On 9 July 2004, the International Court of Justice (ICJ) issued an advisory opinion on the Legal Consequences of the Construction of a Wall in the Occupied Palestinian Territory. The ICJ recognized that while Israel “has to face numerous indiscriminate and deadly acts of violence against its civilian population” and that it “has the right, and indeed the duty, to respond in order to protect the life of its citizens … the measures taken are bound nonetheless to remain in conformity with applicable international law.”
The ICJ stated that the sections of the Barrier route which ran inside the West Bank, including East Jerusalem, violated Israel’s obligations under international law. The ICJ called on Israel to cease construction of the Barrier “including in and around East Jerusalem”; dismantle the sections already completed; and “repeal or render ineffective forthwith all legislative and regulatory acts relating thereto”. The ICJ also called on Israel to “make reparations” for the “requisition and destruction of homes, businesses and agricultural holdings” and “to return the land, orchards, olive groves and other immovable property seized”. The Court also obligated member states not to recognize the illegal situation created by the Barrier and to ensure Israel’s compliance with international law. Although this is a non-binding advisory legal opinion, on 20 July 2004 the General Assembly overwhelmingly approved Resolution ES-10/15 calling for Israel to comply with the ICJ opinion.

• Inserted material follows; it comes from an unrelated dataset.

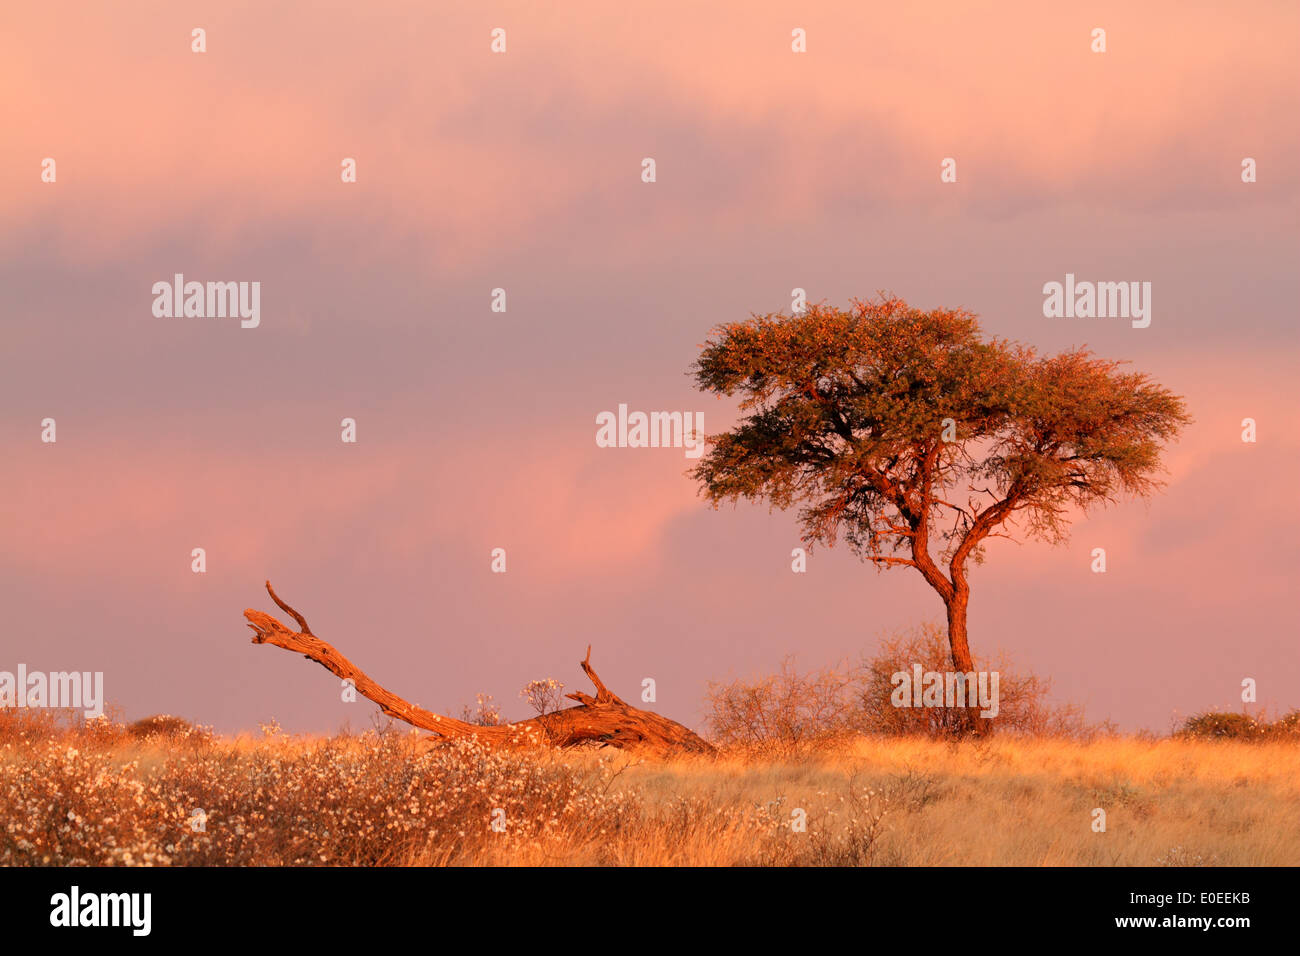 Paysage désertique avec un acacia et ciel nuageux au coucher du soleil, désert du Kalahari, Afrique du Sud Banque D'Images

 See Report of the Secretary-General on “Israeli settlements in the Occupied Palestinian Territory, including East Jerusalem, and in the Occupied Syrian Golan”, A/HRC/31/43, 20 January 2016, para. 69. See also OCHA, “Under Threat: Demolition Orders in Area C of the West Bank”, September 2015.
 The affected villages are: Huwara, Deir Al Hatab, Salem, Azmout, Jit, Sarra, Kafr Qaddum, Al-Funduq, Jinsafut, Qarawat Bani Hassan, Biddya, Fandaqumiya, Asa’sa and Silat ad-Dhahr.
 Amira Hass, “Israel Admits Cutting West Bank Water Supply, but Blames Palestinian Authority”, Ha’aretz, 21 June 2016.